- _Problem to solve_
Return the lines of the material below exactly, beginning with the line that has "Mitch Hedberg Quote" in it and finishing with the line that has "A marbled godwit" in it. Leave all pictures aside.

- _Input data_
·····

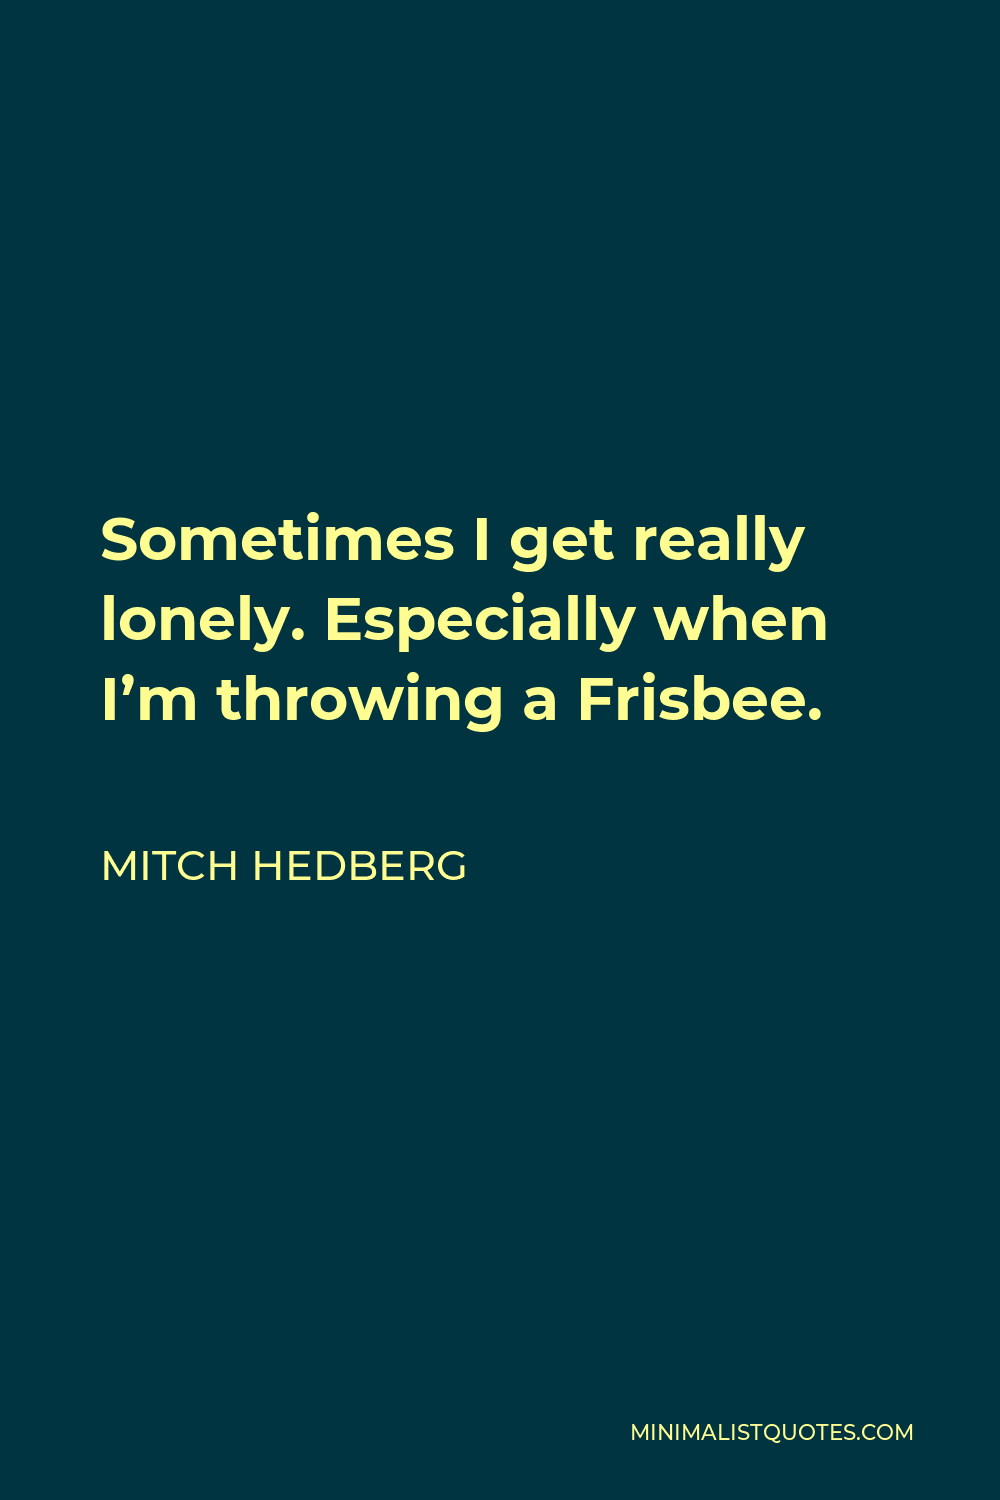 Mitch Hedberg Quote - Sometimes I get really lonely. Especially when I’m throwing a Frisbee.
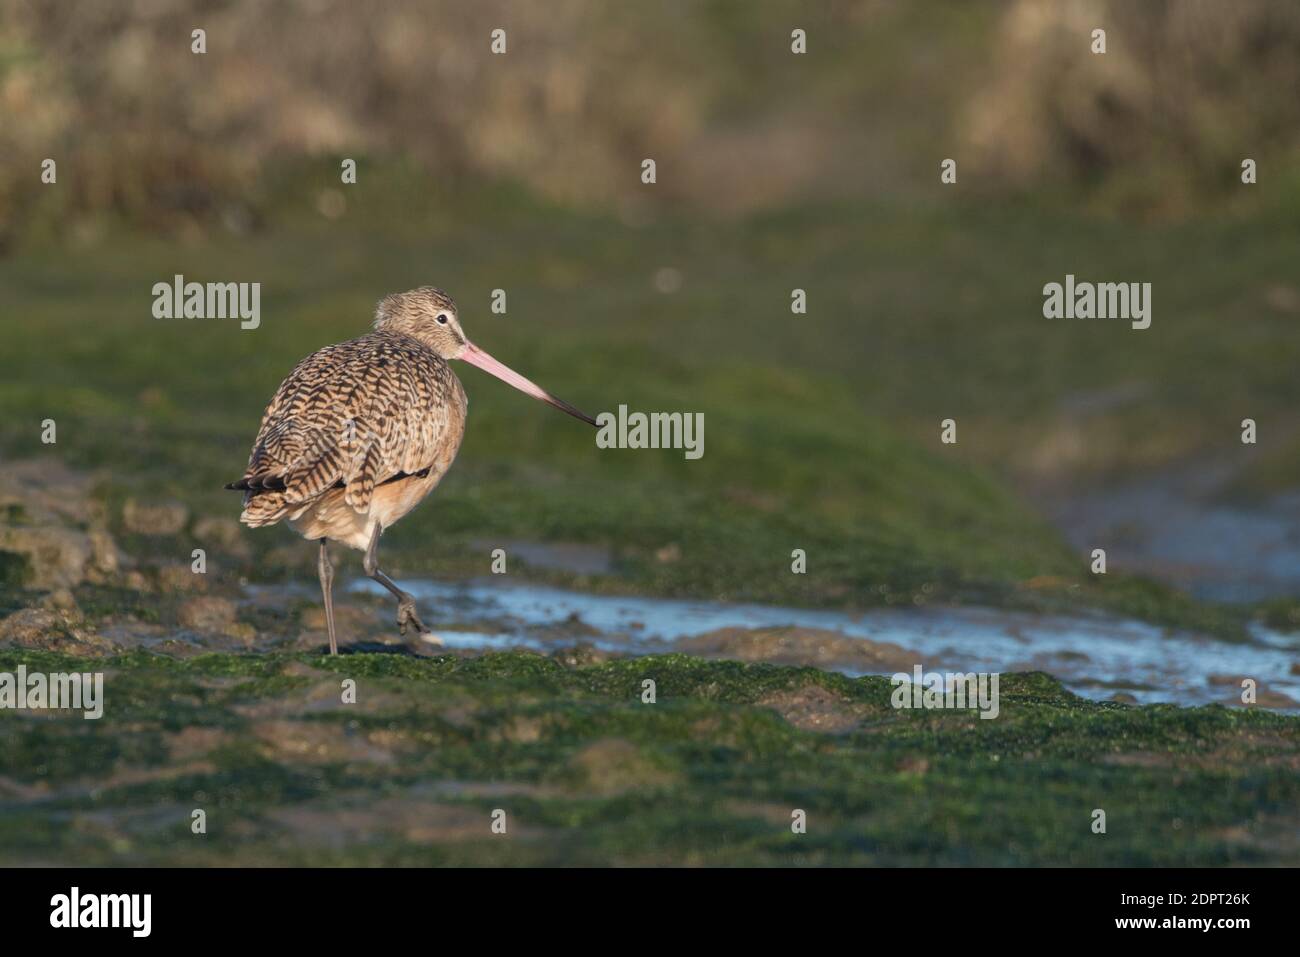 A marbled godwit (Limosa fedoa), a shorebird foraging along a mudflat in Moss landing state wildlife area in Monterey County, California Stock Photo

·····

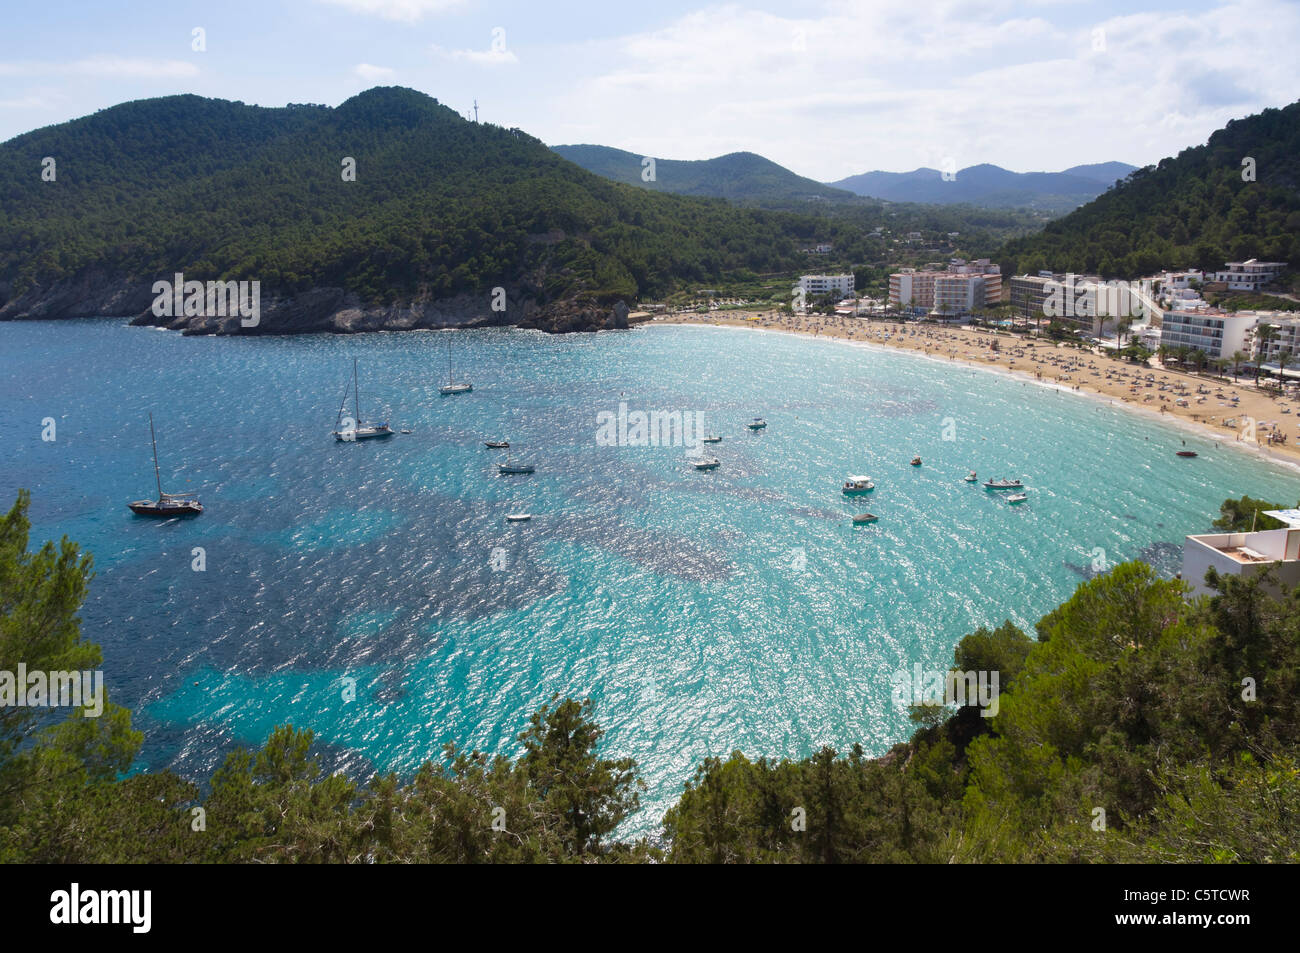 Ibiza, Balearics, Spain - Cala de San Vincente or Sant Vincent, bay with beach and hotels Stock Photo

·····

- _Result below_
 Mitch Hedberg Quote - Sometimes I get really lonely. Especially when I’m throwing a Frisbee.
 A marbled godwit (Limosa fedoa), a shorebird foraging along a mudflat in Moss landing state wildlife area in Monterey County, California Stock Photo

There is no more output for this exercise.